— Какое красивое платье, — сказала Мария. — Оно новое, правда?

И, забыв о своем недовольстве, подбежала потрогать Мамино платье; Мама улыбнулась и распахнула плащ, чтобы показать складки.

— Да, новое, — сказала она и повернулась. Складки платья взвихрились под черным бархатным плащом, и на нас повеяло ароматом духов.

— Дай мне тебя поцеловать, — попросила Мария. — Дай мне тебя поцеловать и представить, что ты королева.

Мама наклонилась, но лишь на секунду, так что Марии досталась всего-навсего складка бархата.

— Что с Найэлом? — спросила Мама. — Почему он такой бледный?

— По-моему, его тошнит, — сказала Мария. — С ним всегда так перед банкетом.

— Если он нездоров, ему не следует ехать в театр, — сказала Мама и взглянула на Найэла, затем, услышав, что Папа зовет ее из коридора, запахнула плащ, повернулась и вышла из комнаты, оставив нам свой ласкающий аромат.

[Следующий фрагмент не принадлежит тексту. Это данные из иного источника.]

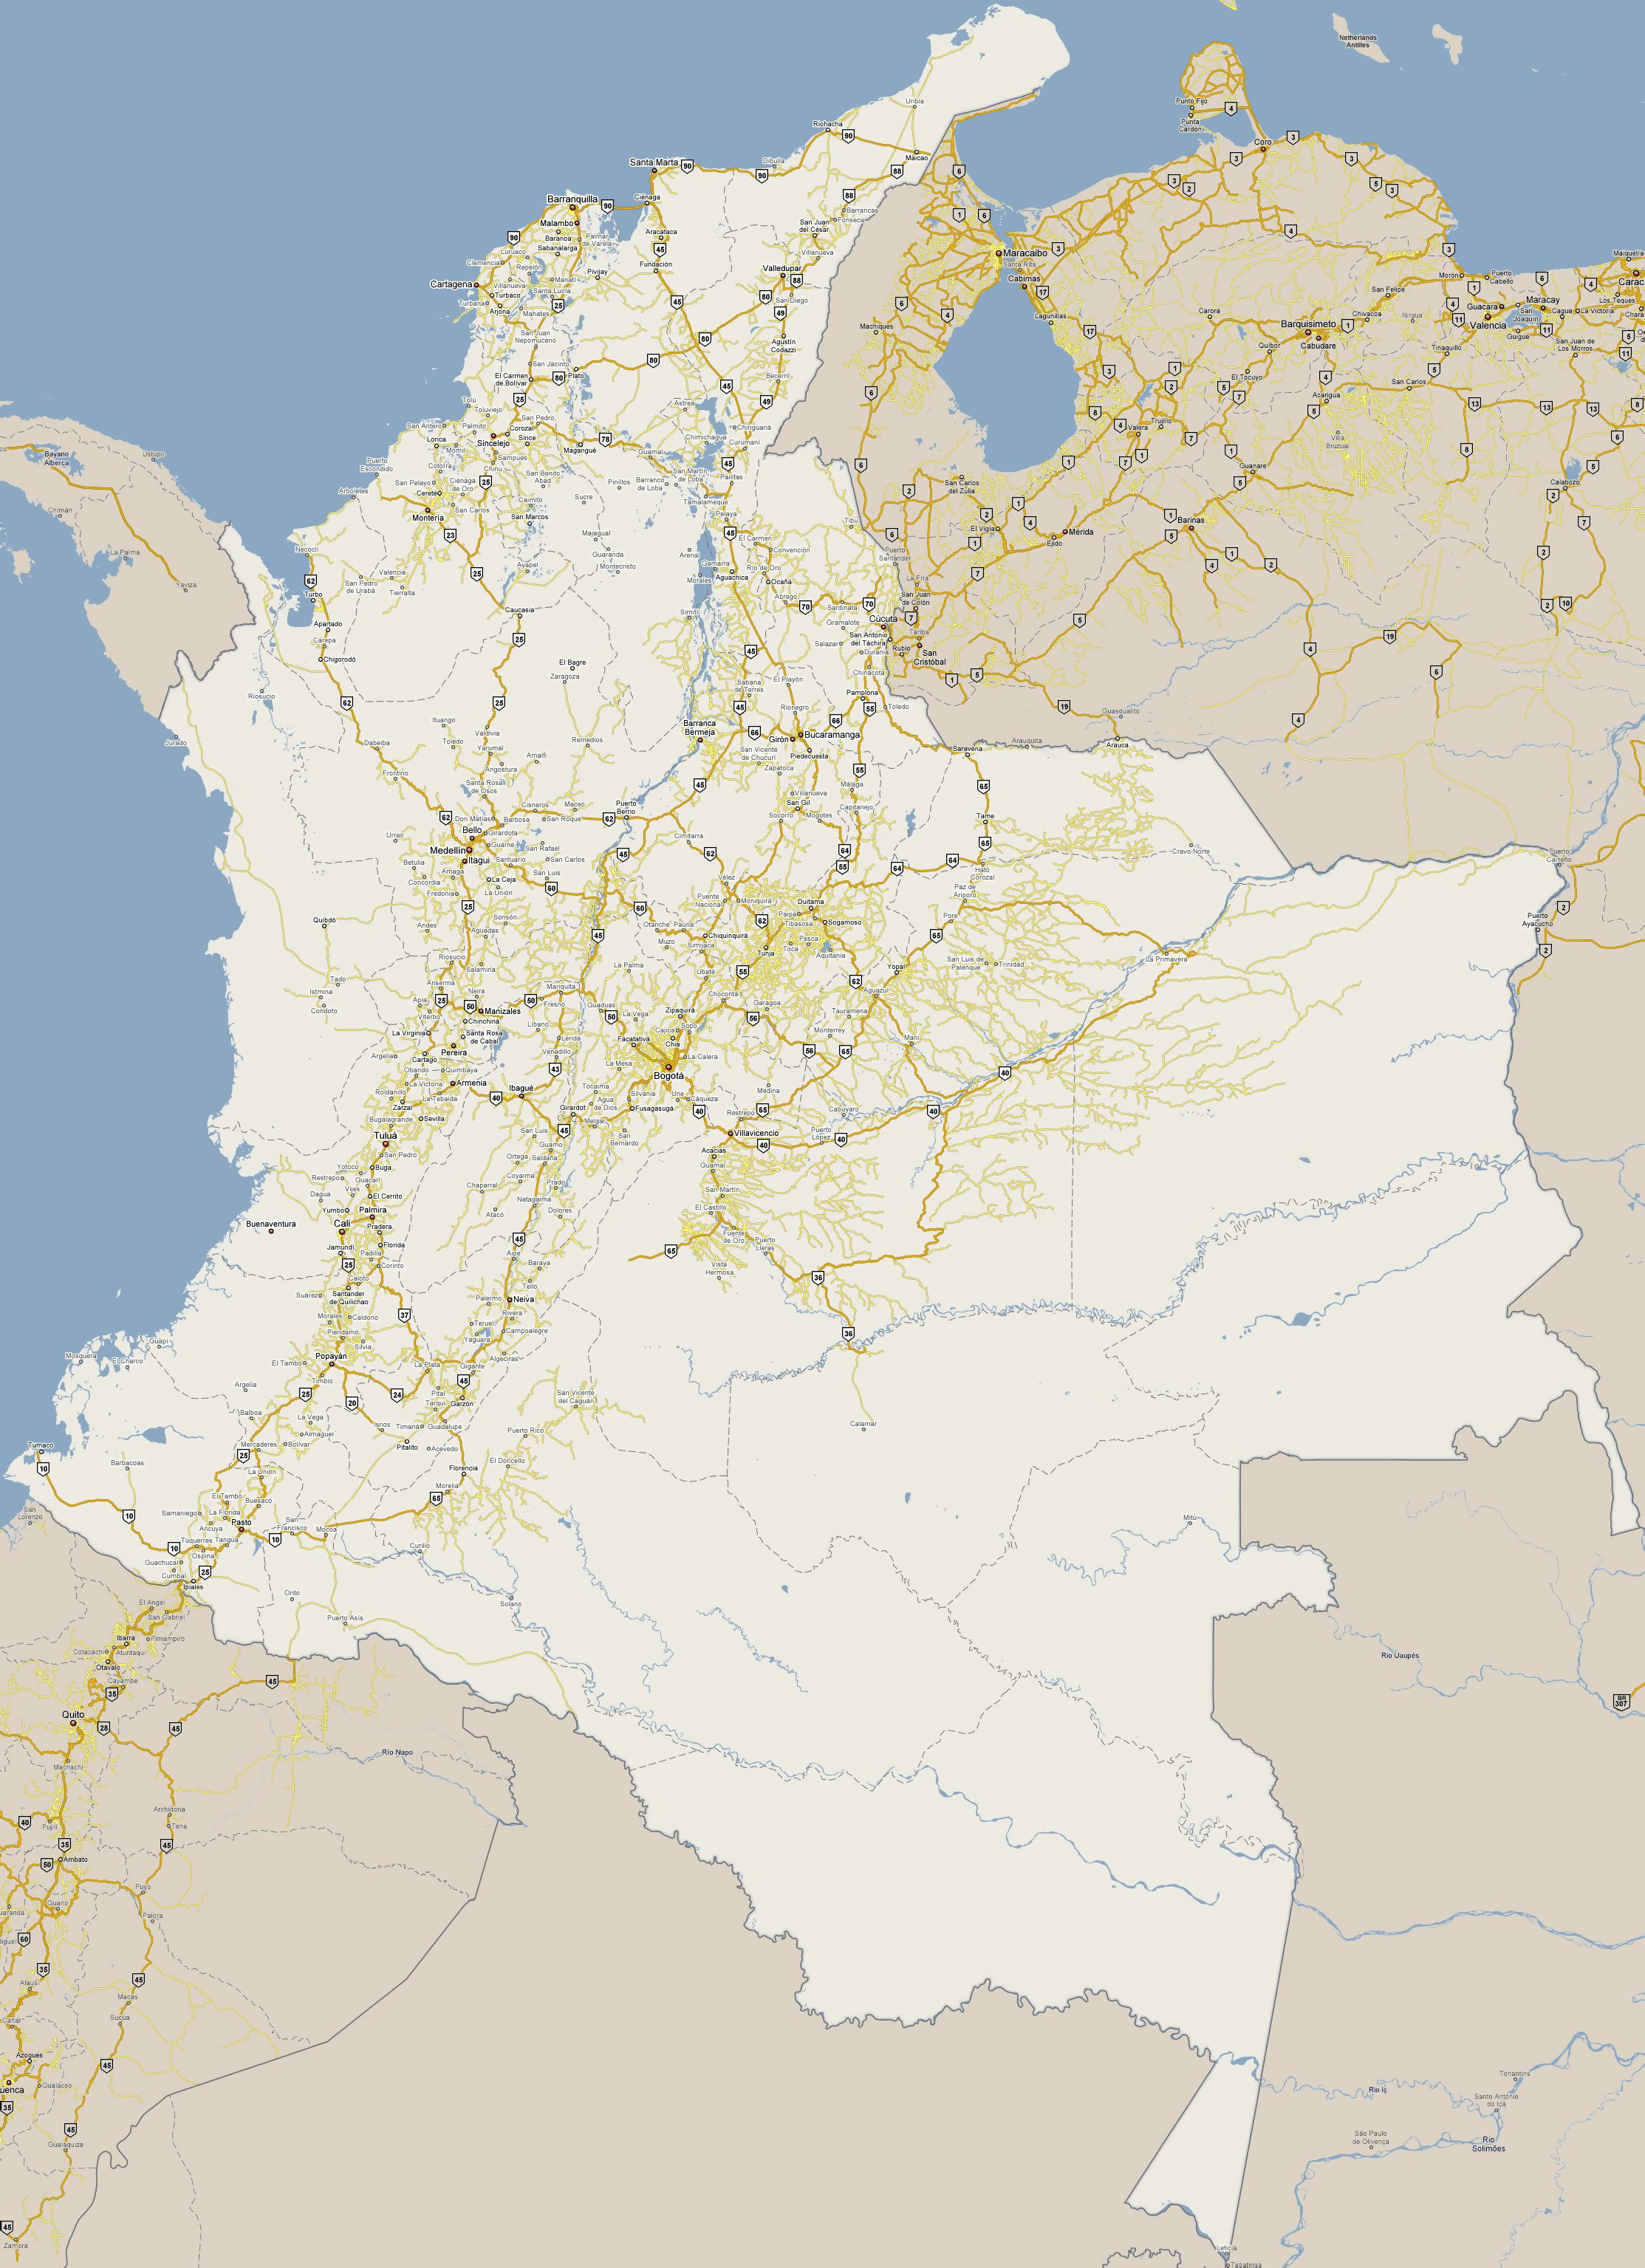 Mapas De Colombia Mapa De La Red Vial De Colombia Images And Photos

Мы слышали звуки их отбытия — громкие голоса и шепот взрослых, так не похожие на нашу болтовню и смех. Мама что-то объясняла Папе, Папа говорил с шофером, Андре бежал через холл с Папиным пальто, которое Папа забыл у себя; они садились в машину, и нам было слышно, как завелся мотор и хлопнула дверца.

— Они уехали, — сказала Мария, и ее возбуждение ни с того ни с сего угасло. Она вдруг почувствовала себя одинокой, ей стало грустно, поэтому она подошла к тазу, перед которым по-прежнему стоял дрожащий Найэл, и стала дергать его за волосы.

— Ну-ну, вы, двое, не смейте, — рассердилась Труда. Она вернулась в комнату и, склонившись над Найэлом, внимательно осмотрела его уши. Найэл согнулся пополам; у него был довольно жалкий вид, чего он не выносил и поэтому был рад, что Папа, такой величественный в вечернем костюме, с гвоздикой в петлице, не пришел проститься вместе с Мамой.

— А теперь все трое успокойтесь и ведите себя смирно, пока я одеваюсь, — сказала Труда и пошла к стоявшему в коридоре шкафу, где она держала свою одежду, и достала черное, пахшее затхлостью платье, единственное, в которое она переодевалась.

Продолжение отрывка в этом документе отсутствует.